Feedstock and logistics providers: The shift toward SAF highlights new business opportunities in waste management, agricultural by-products, renewable hydrogen production and fuel logistics, especially for companies capable of supplying sustainable and scalable feedstock streams.
Challenges Ahead
Global SAF production remains far below what aviation decarbonization requires. Costs are significantly higher than conventional jet fuel, and logistical constraints still limit large-scale deployment. Policymakers must ensure that sustainability criteria are robust while also enabling market growth.

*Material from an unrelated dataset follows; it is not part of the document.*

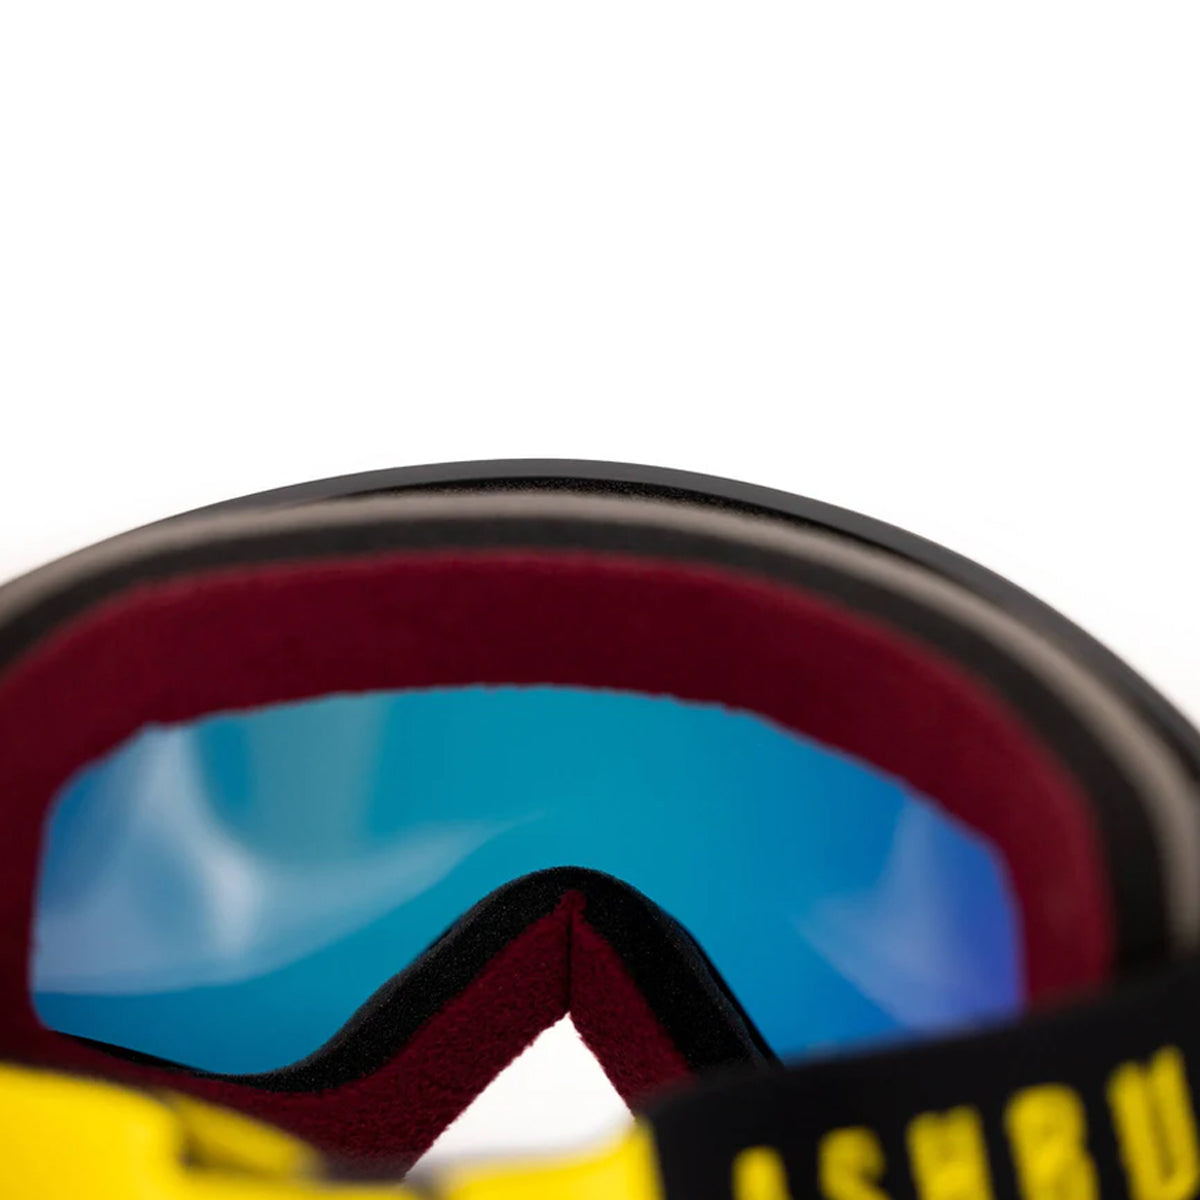 Ashbury Blackbird Snowboard Goggles - Bank/Gold Mirror/Yellow Spare image 3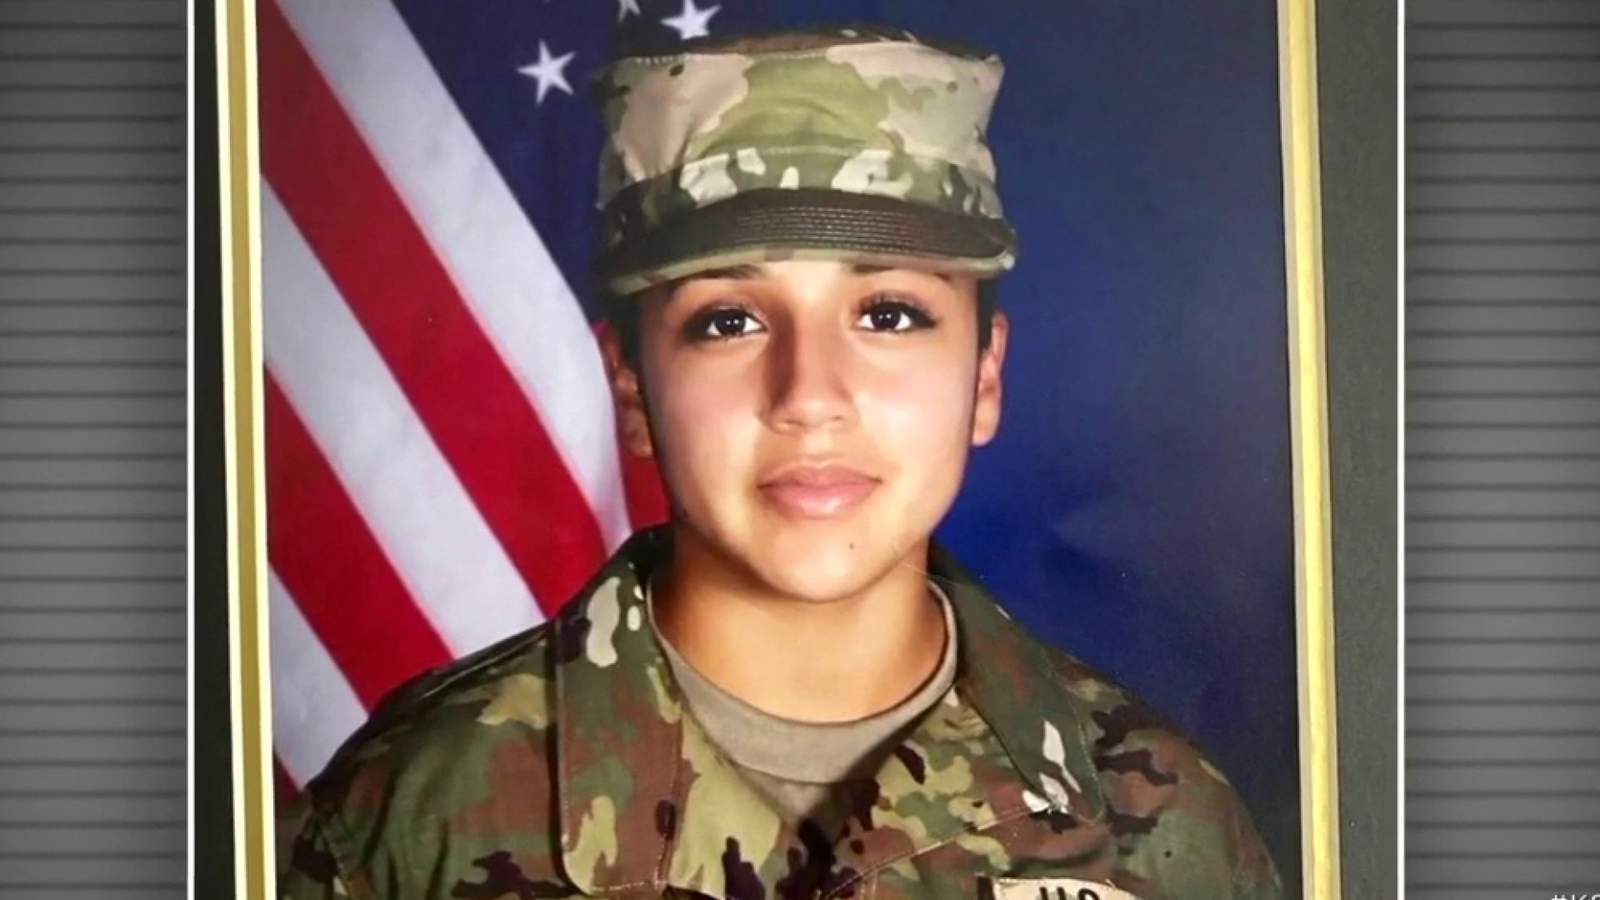 Congress investigates Fort Hood following soldier deaths

The UAE will need to scale feedstock availability, increase project capacity and ensure that exported fuels meet international certification standards. The EU will need to collaborate closely with international partners to avoid supply shortages as blending mandates rise.
Strategic Value for the Net-Zero Transition
The cooperation between the EU and the UAE reflects a broader global trend: decarbonization efforts increasingly depend on international coordination rather than isolated national actions. SAF is one of the key near-term tools to curb emissions from aviation, a sector where alternative technologies such as battery-electric and hydrogen-powered flight remain in early development.
By combining policy direction, industrial capability and financial resources, the EU-UAE partnership could influence investment flows, stimulate infrastructure development and establish new regional hubs for low-carbon fuel production.
The session at Dubai Airshow 2025 represents an important step toward turning long-term climate ambition into practical deployment. The priority now is execution: scaling production, ensuring sustainability and securing long-term offtake agreements across global aviation networks.